======== Supplied records ========

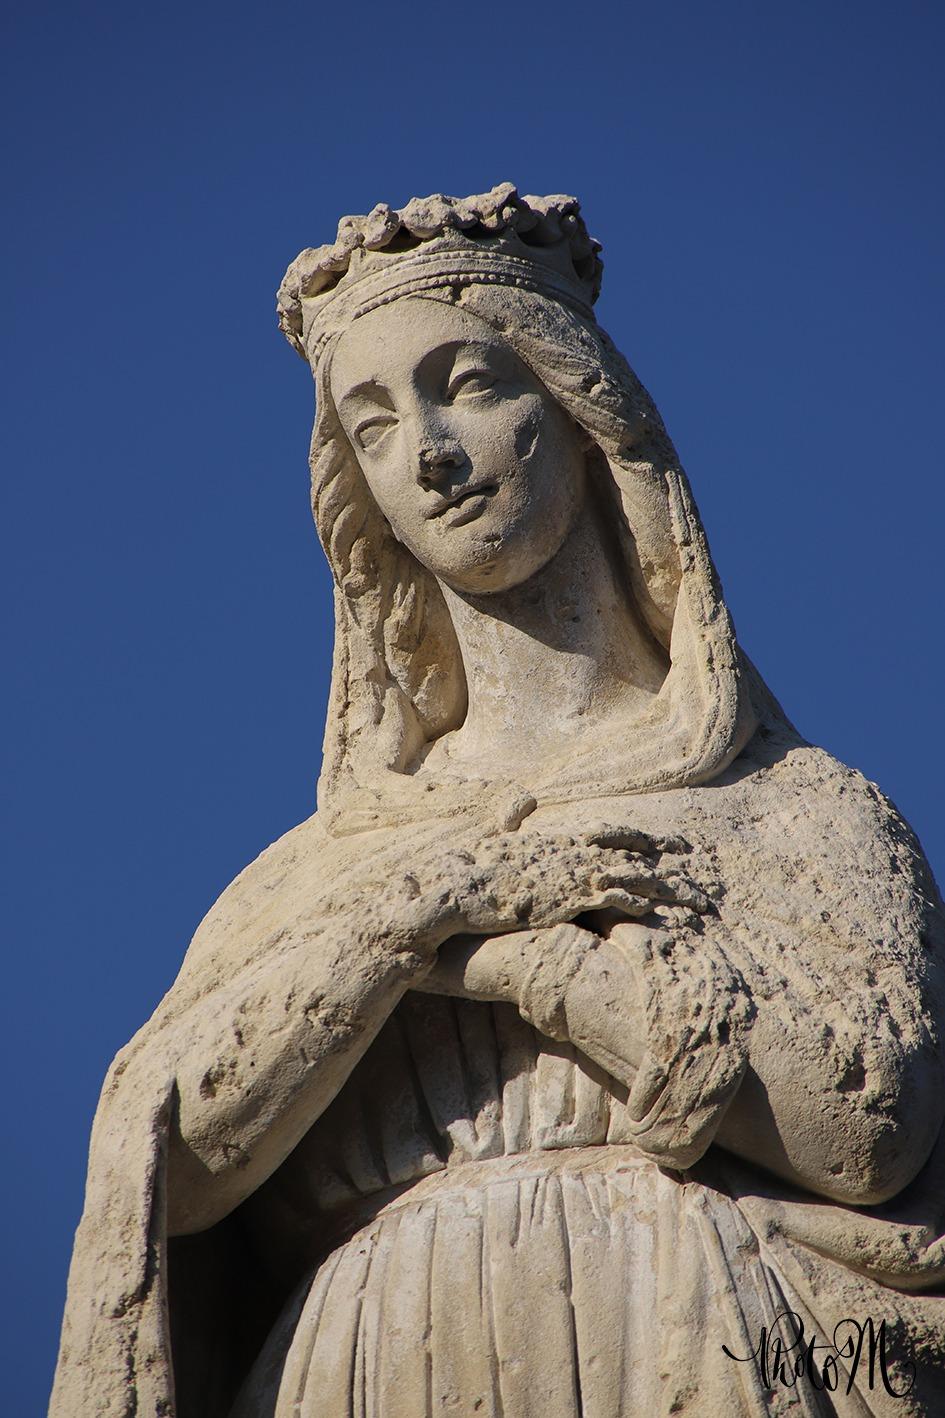 Photographe de Portrait. Département de l'Ain, à St Jean le Vieux proche d'Ambérieu-en-Bugey, Bourg-en-Bresse, Lagnieu, Pont d'Ain.
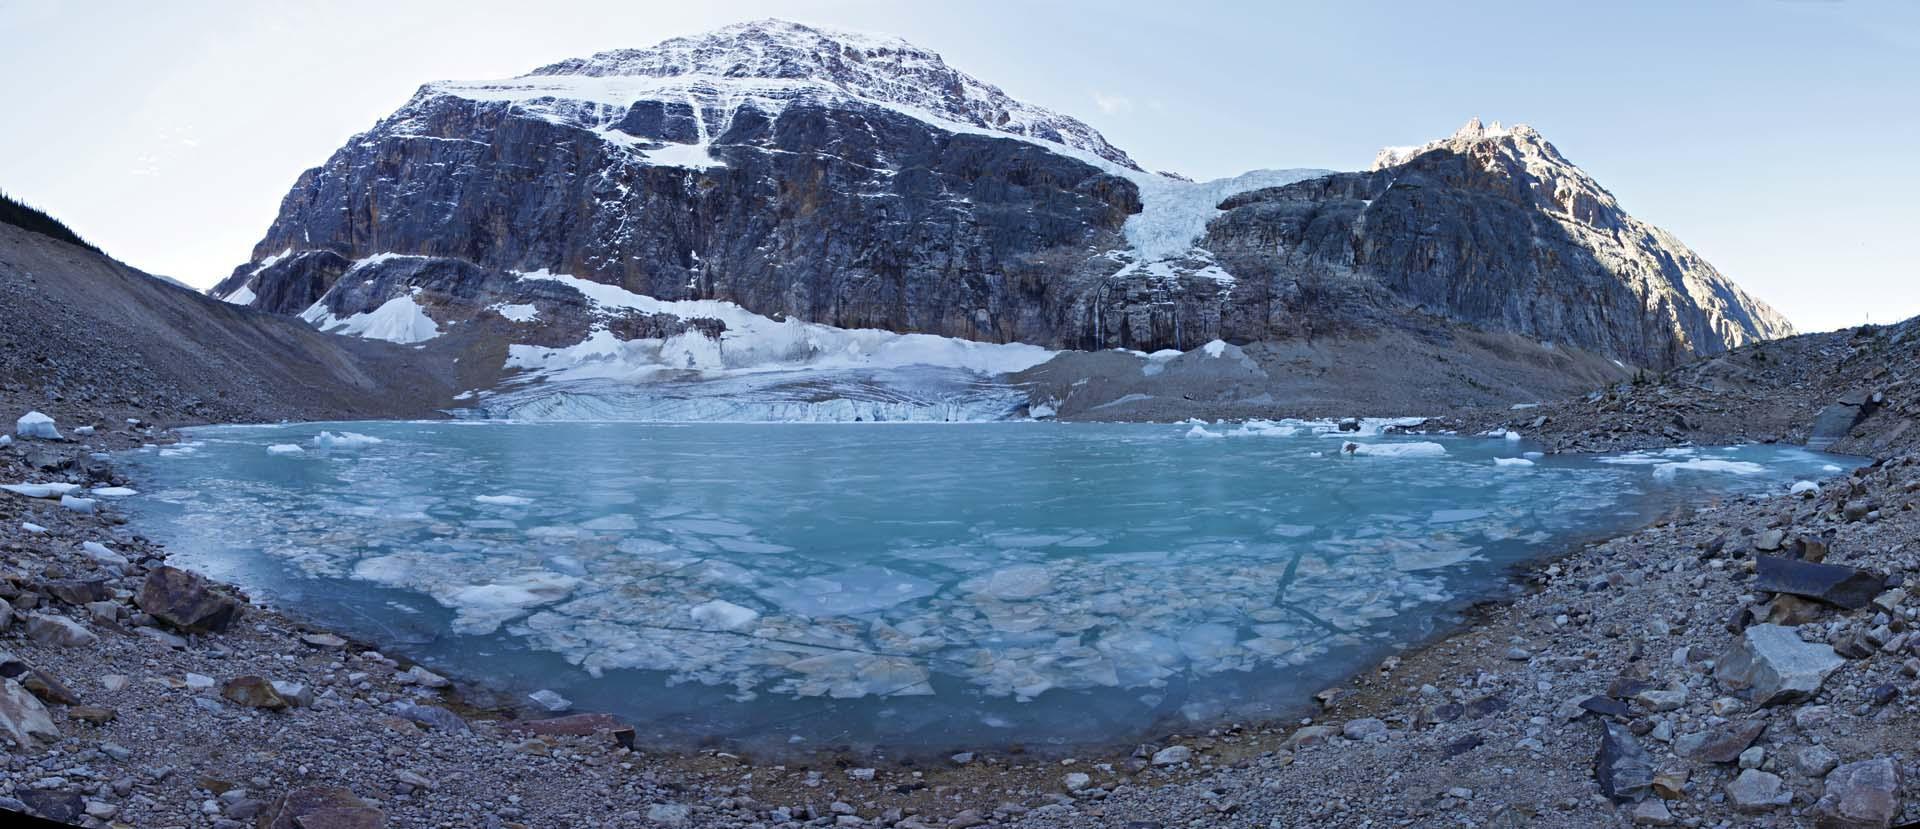 0221-0230_angel_glacier_20101120_171138.
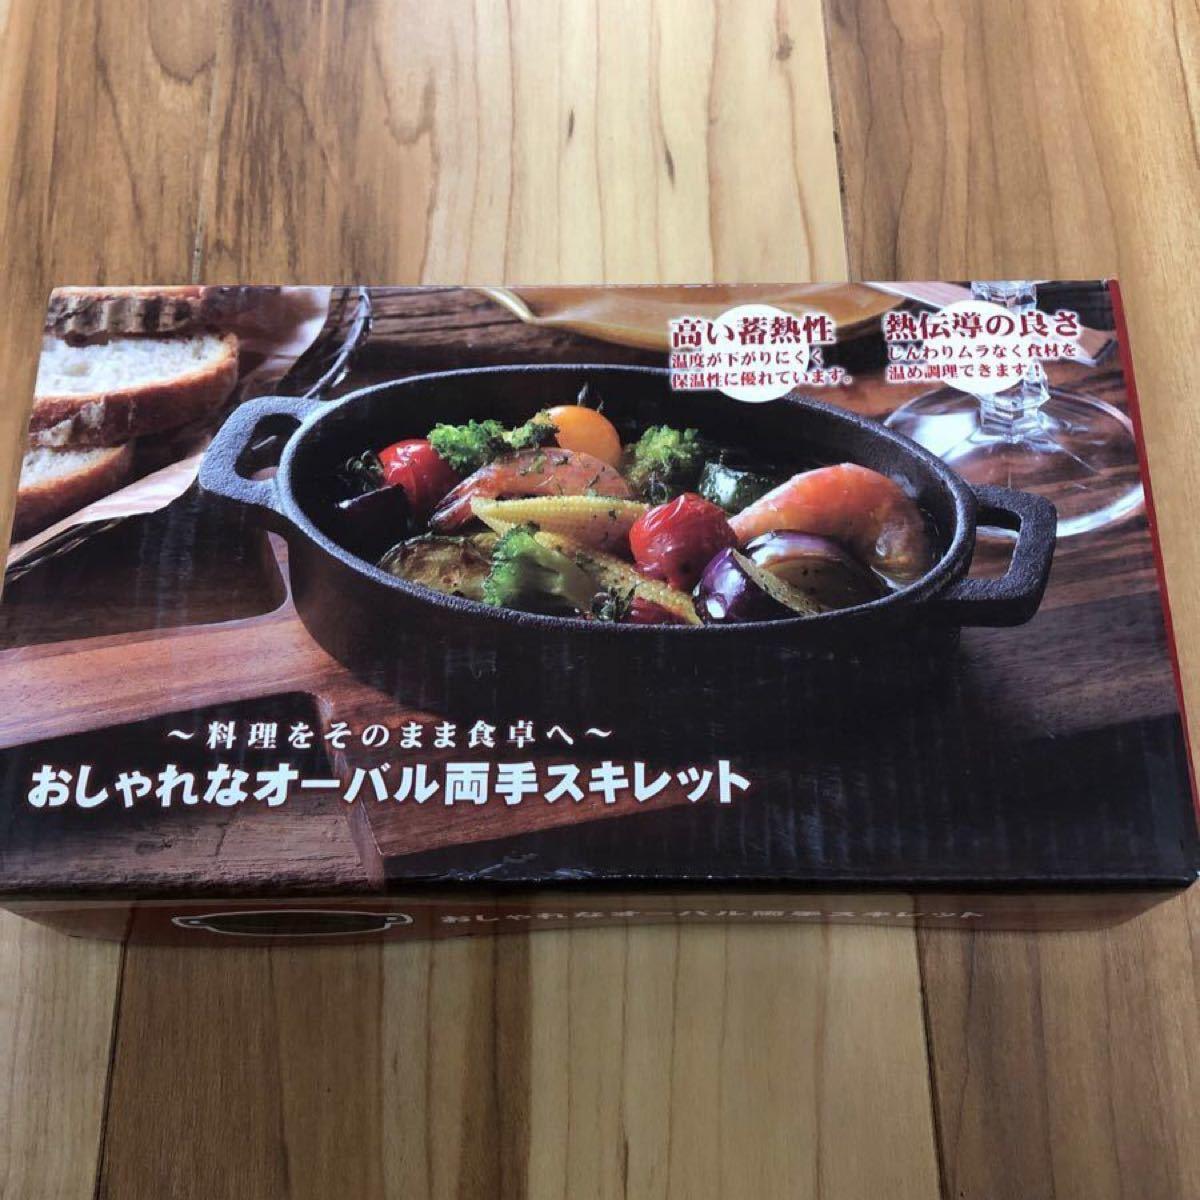 オーブン対応*オーバルスキレット*食洗機対応
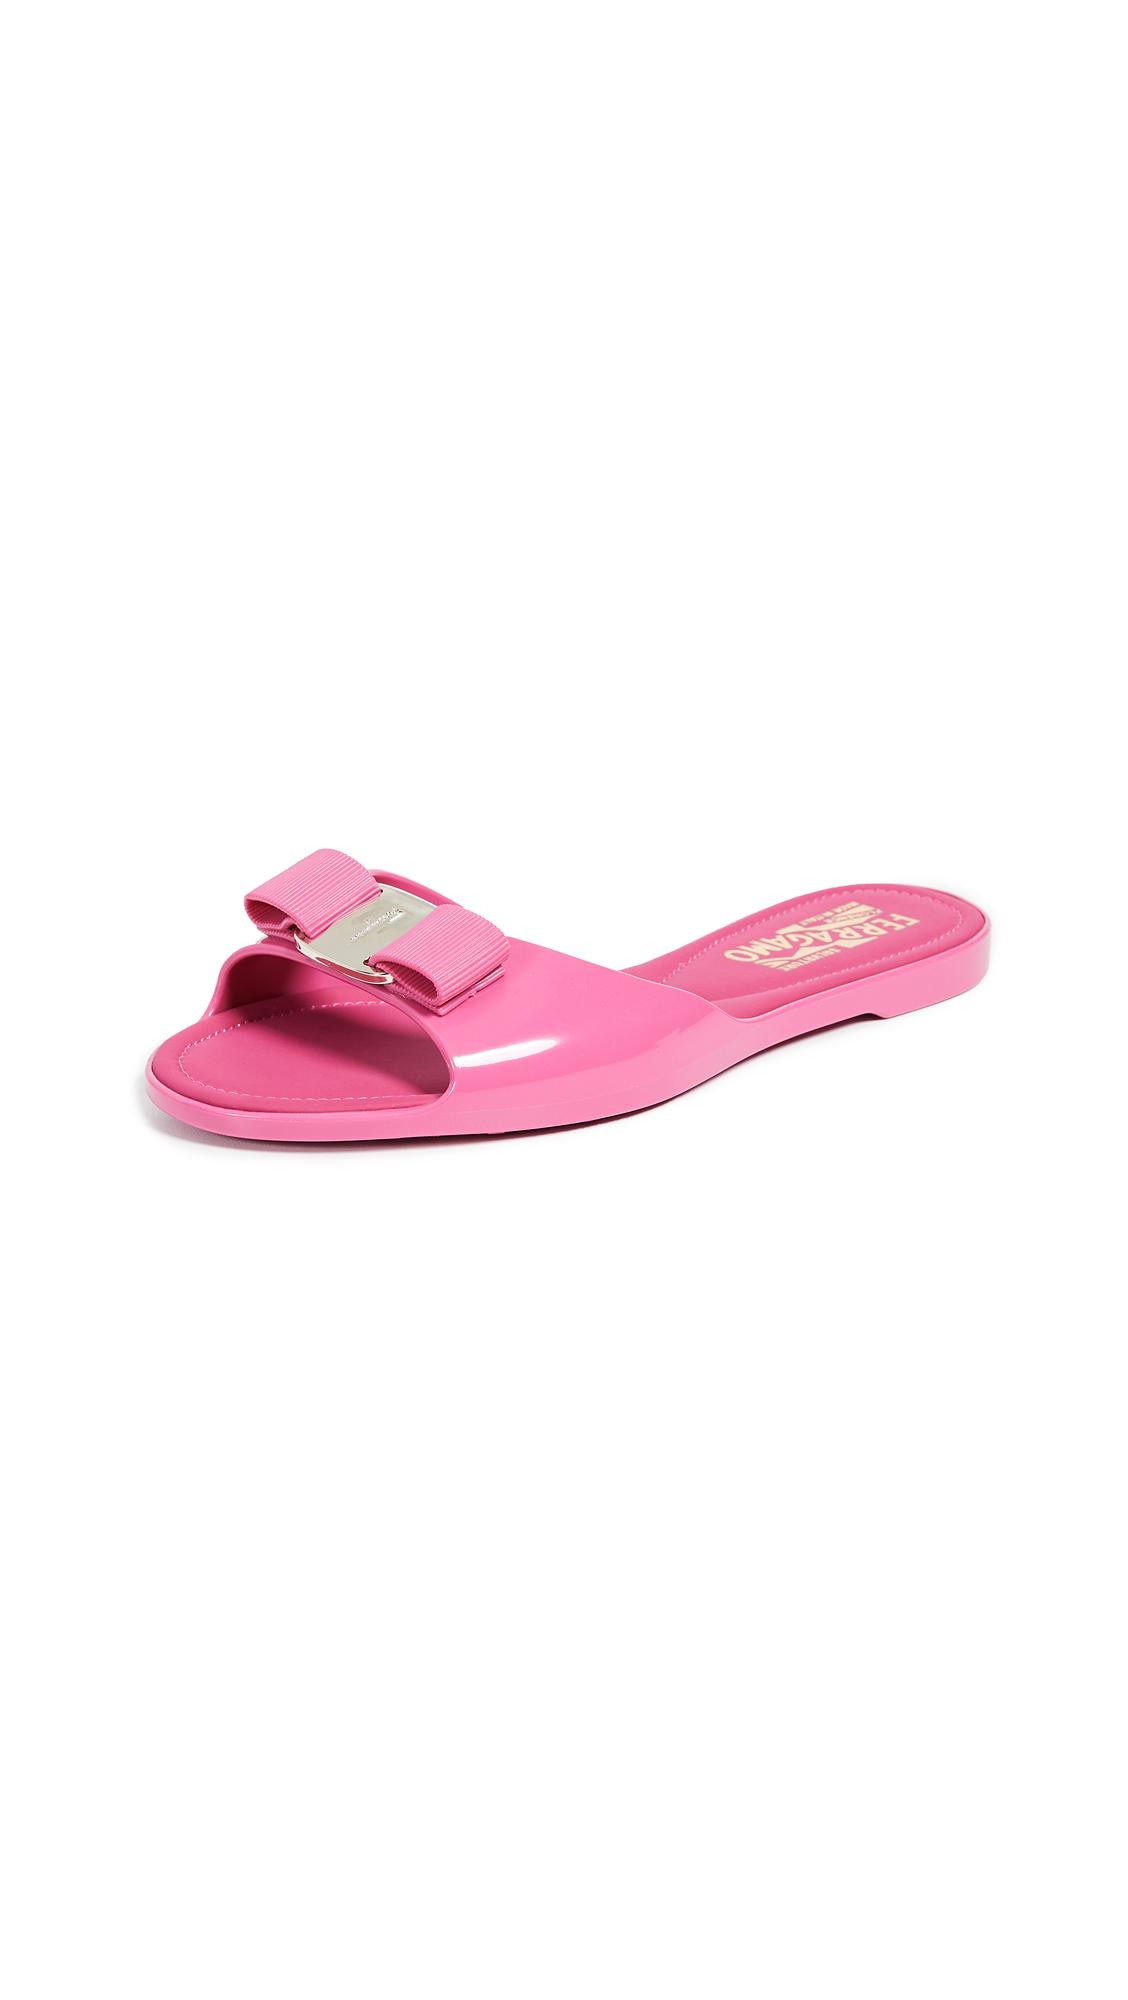 Salvatore Ferragamo Cirella Slide Sandals
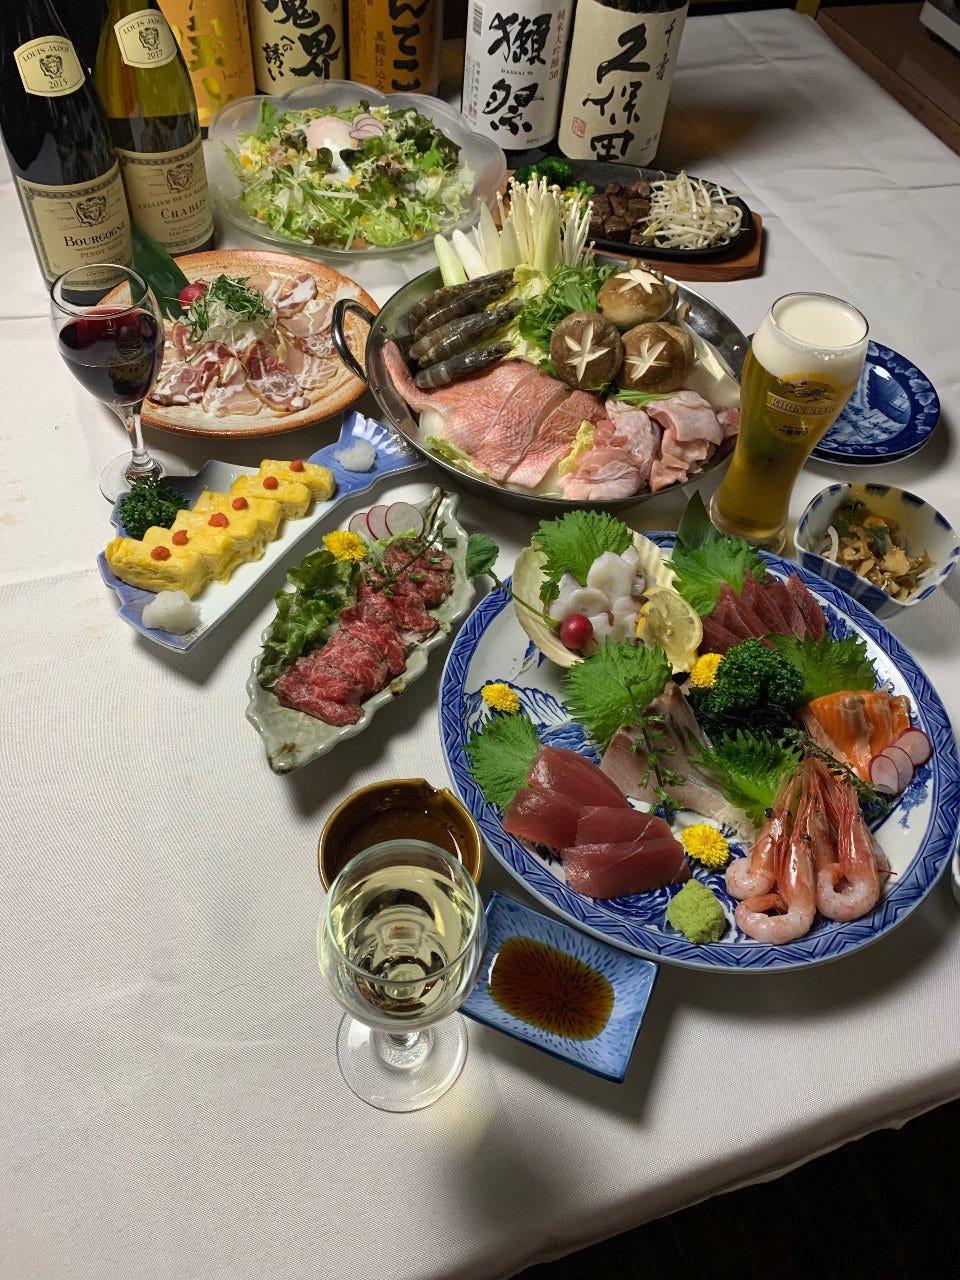 【2.5時間ゴールド飲み放題付き】お肉もお魚もお楽しみいただける全8品「竹コース」6300→5000円

========

■ **Activity**: Once the pictures are removed, output the entries above exactly as given.

■ **Output for this exercise**:
 Photographe de Portrait. Département de l'Ain, à St Jean le Vieux proche d'Ambérieu-en-Bugey, Bourg-en-Bresse, Lagnieu, Pont d'Ain.
 0221-0230_angel_glacier_20101120_171138.
 オーブン対応*オーバルスキレット*食洗機対応
 Salvatore Ferragamo Cirella Slide Sandals
 【2.5時間ゴールド飲み放題付き】お肉もお魚もお楽しみいただける全8品「竹コース」6300→5000円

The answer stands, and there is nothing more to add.